Whatever your job is, whatever it is you bring to the table, you should own the design space of what you're building.

If the design space truly lives in code, you should be handwriting that code, or at minimum, deeply understanding every line that gets written. You can use AI to move faster, but you need to be the one holding the map.

Here's the problem: AI creates a workflow where, if you let it go unchecked, the AI starts driving you. You prompt, it generates, you accept, you prompt again. At some point you cross a threshold where no one in the room can reason about the system anymore. The AI contributed most of the code, but you own the mistakes. You own the consequences. There's an asymmetry there that gets dangerous when the stakes are high.

This threshold is actually the line that defines ownership. Before it, you're directing the AI. After it, you're just along for the ride. Before it, you can claim authorship. After it, you can't.

This touches on a deeper question about whether AI can be an author at all. I'll leave that for another essay, but for now: if you can't reason about the system, you're not the author of it, regardless of whose name is on the commit.

So much of the present confusion about AI and work comes from people comparing incompatible design spaces. The static website builder and the puzzle game developer aren't having the same experience, and they shouldn't expect to.

This is also where the "X job is cooked" takes fall apart.

Software engineering isn't being automated. Art isn't being automated. What's happening is that automation is forcing a question:

Is the design space your job asks you to occupy the same as the design space the company actually needs occupied?

If you're contributing to the core design space of the business, you're fine. If your job is adjacent to that space, doing work that AI can now handle, the ground is shifting beneath you. This has always been true of technological change. The difference now is the speed.

The language we use to describe this moment isn't helping. "Vibe coding" gets thrown around a lot, but it's not a serious term. It implies you're programming without understanding, just prompting and hoping. That's not what most people are actually doing.

Think about writing. Nobody calls a novelist a "typist." Typing is the mechanical act. Writing is the creative one. The same distinction exists in software: coding is mechanical, programming is creative. You can outsource the typing without outsourcing the writing. You can outsource the coding without outsourcing the programming.

What's emerged is a new layer: using AI to handle the mechanical parts so you can focus on the design space. I'd call this directed programming. You're directing. The AI is executing. You know where you're going. You're still the one driving.

Directed programming is sustainable as long as you stay on your side of the threshold. The moment you lose the ability to reason about the system, you're not directing anymore. You're just prompting.

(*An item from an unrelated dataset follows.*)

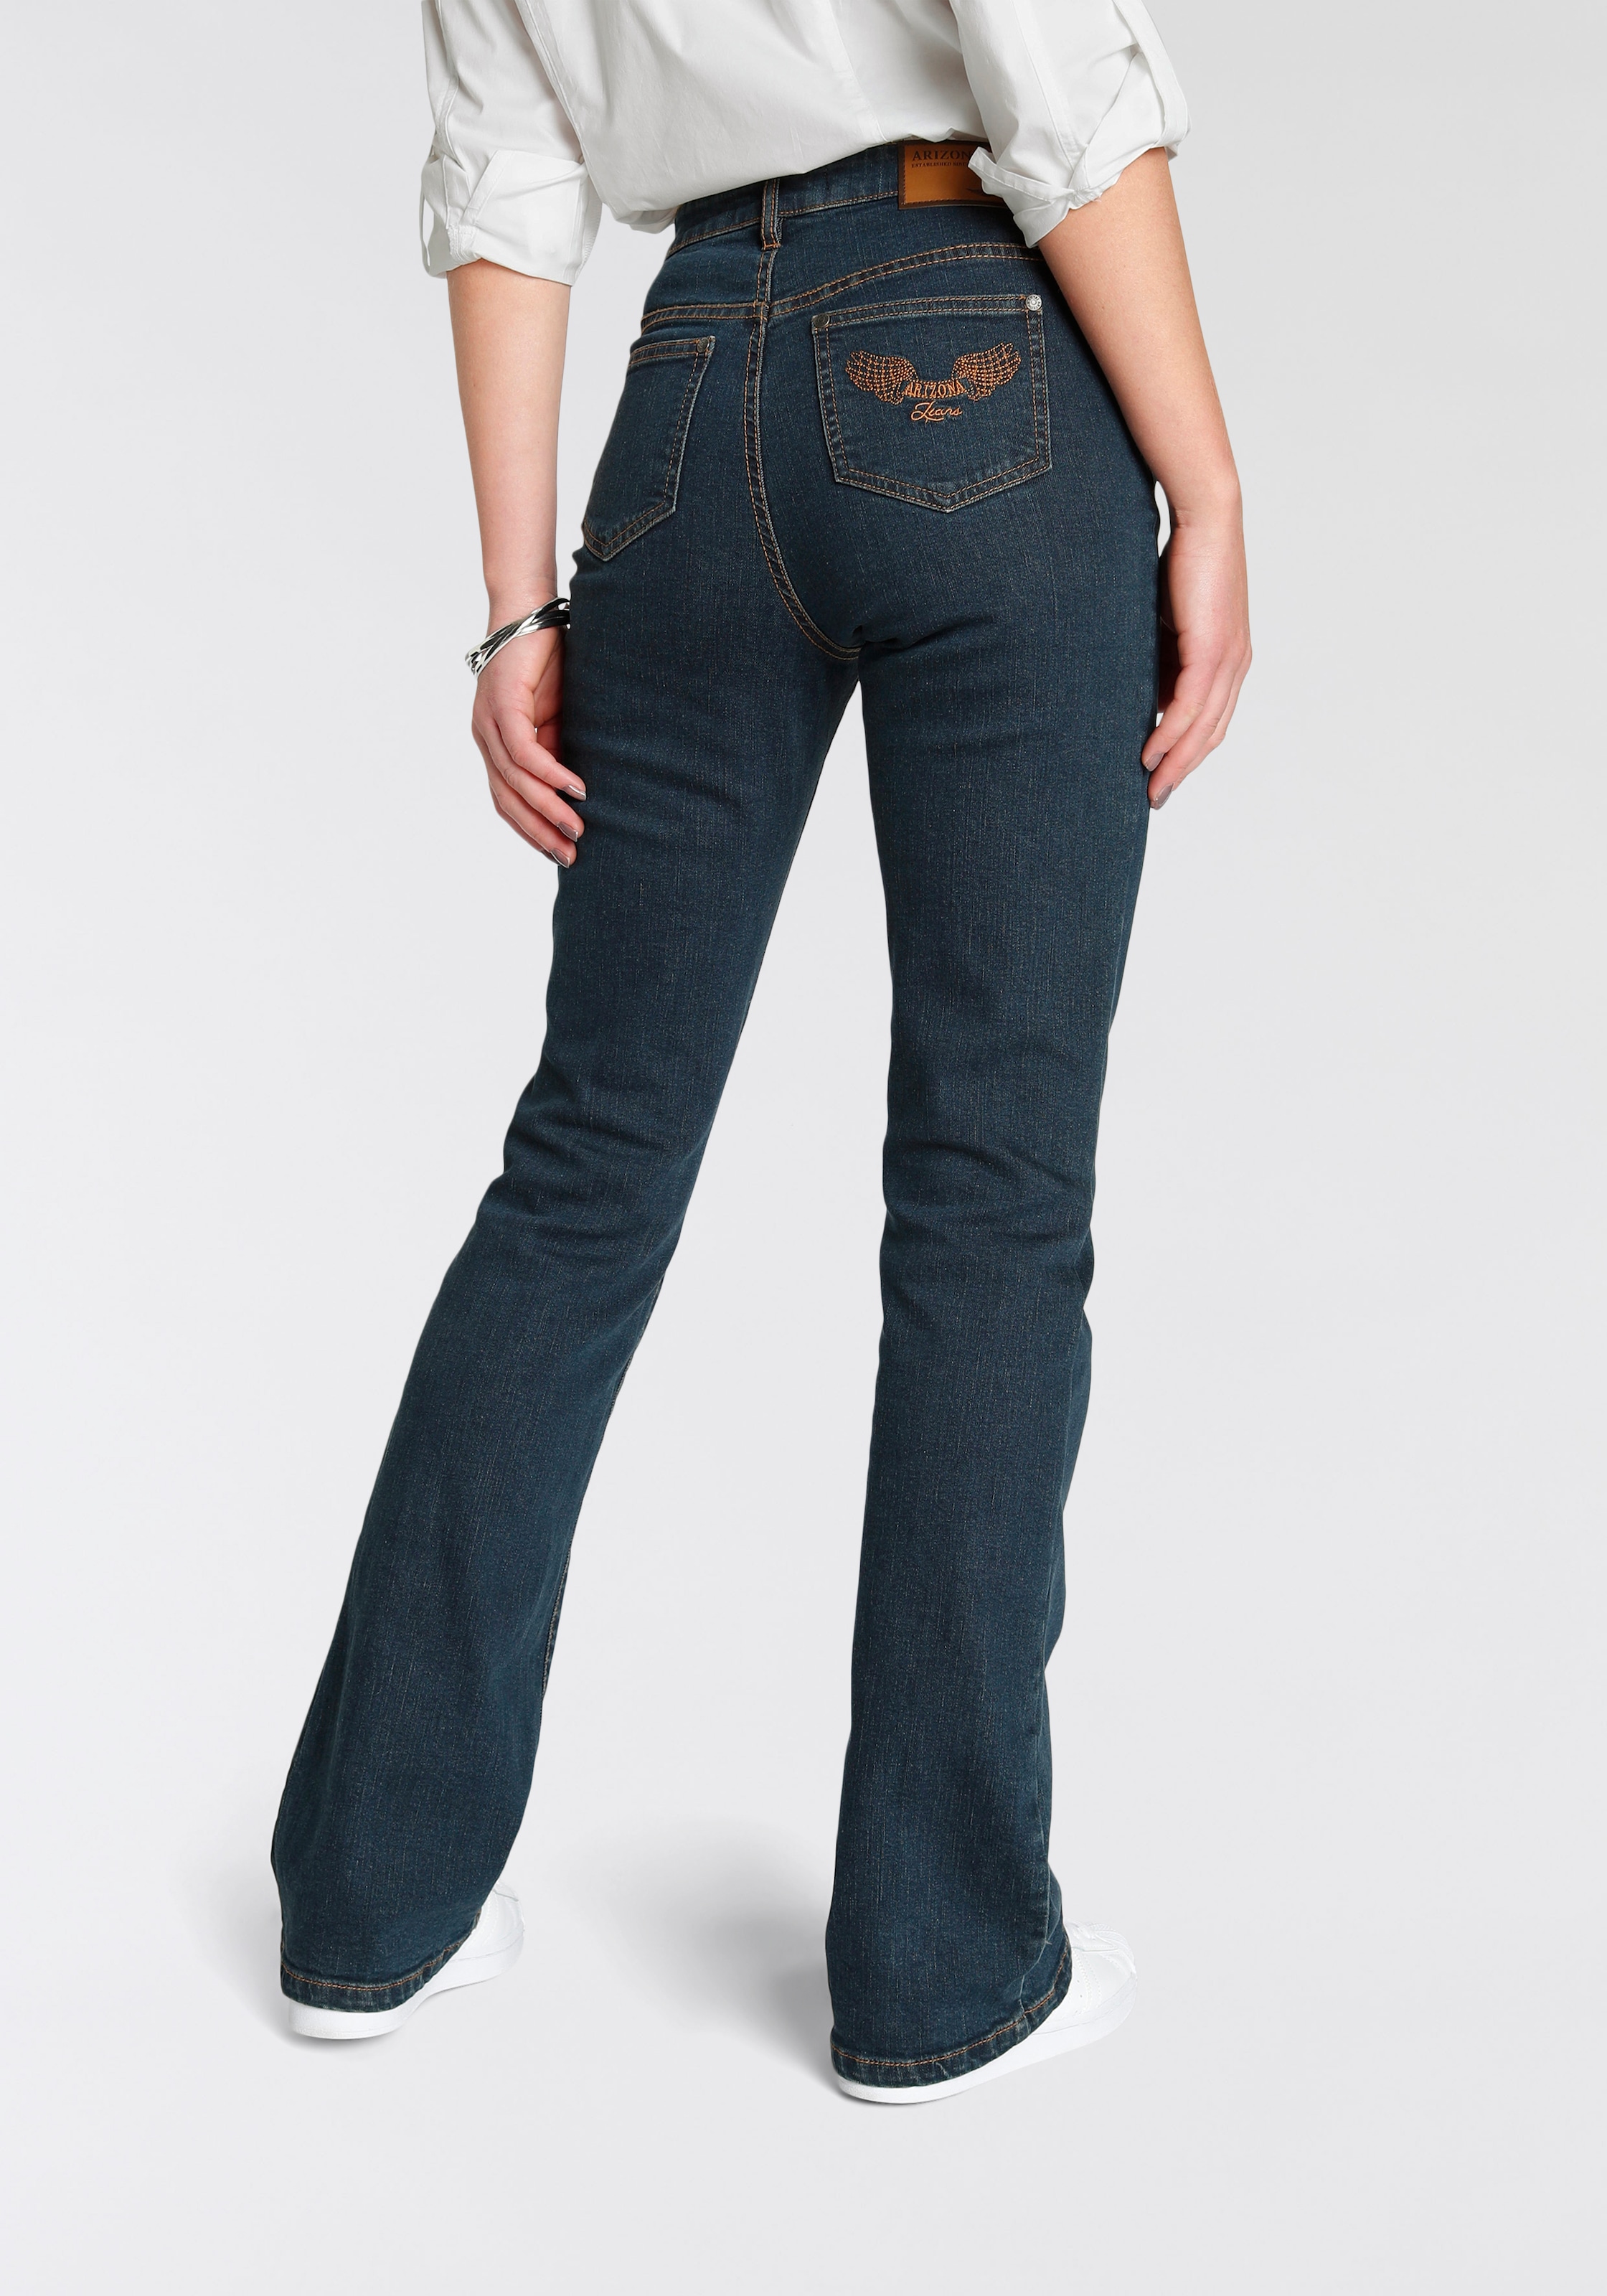 Arizona Bootcut-Jeans »Comfort-Fit«, High BAUR Waist kaufen

There's one more conversation happening that I've intentionally left out of this essay.

Some people argue that the future of work is building systems where agents do everything and you focus entirely on judging the quality of their output. You don't direct. You evaluate.

I think this argument deserves serious consideration, but it's a different conversation. Everything I've said up to this point assumes a human in the loop, using AI as a tool. The agent model assumes AI runs autonomously and humans assess outcomes.

That model creates a vacuum. If the agent is doing the work and you're only judging, who owns the result? Who's responsible for the consequences? Where does authorship live?

I'd argue this leads to a fundamental split: AI operates in the design space of what. Humans operate in the design space of why. When AI handles all of the what, the only thing left for humans is the why. The intent. The reason it exists.

But that's a different essay about two different classes of creation. For now, the question is simpler: where does your design space live? And are you the one driving?

Both people in that coffee shop are telling the truth. They're just building different things.

The real question isn't whether AI is good at code. The real question is whether you know where your design space lives, and whether you're still the one directing what happens inside it.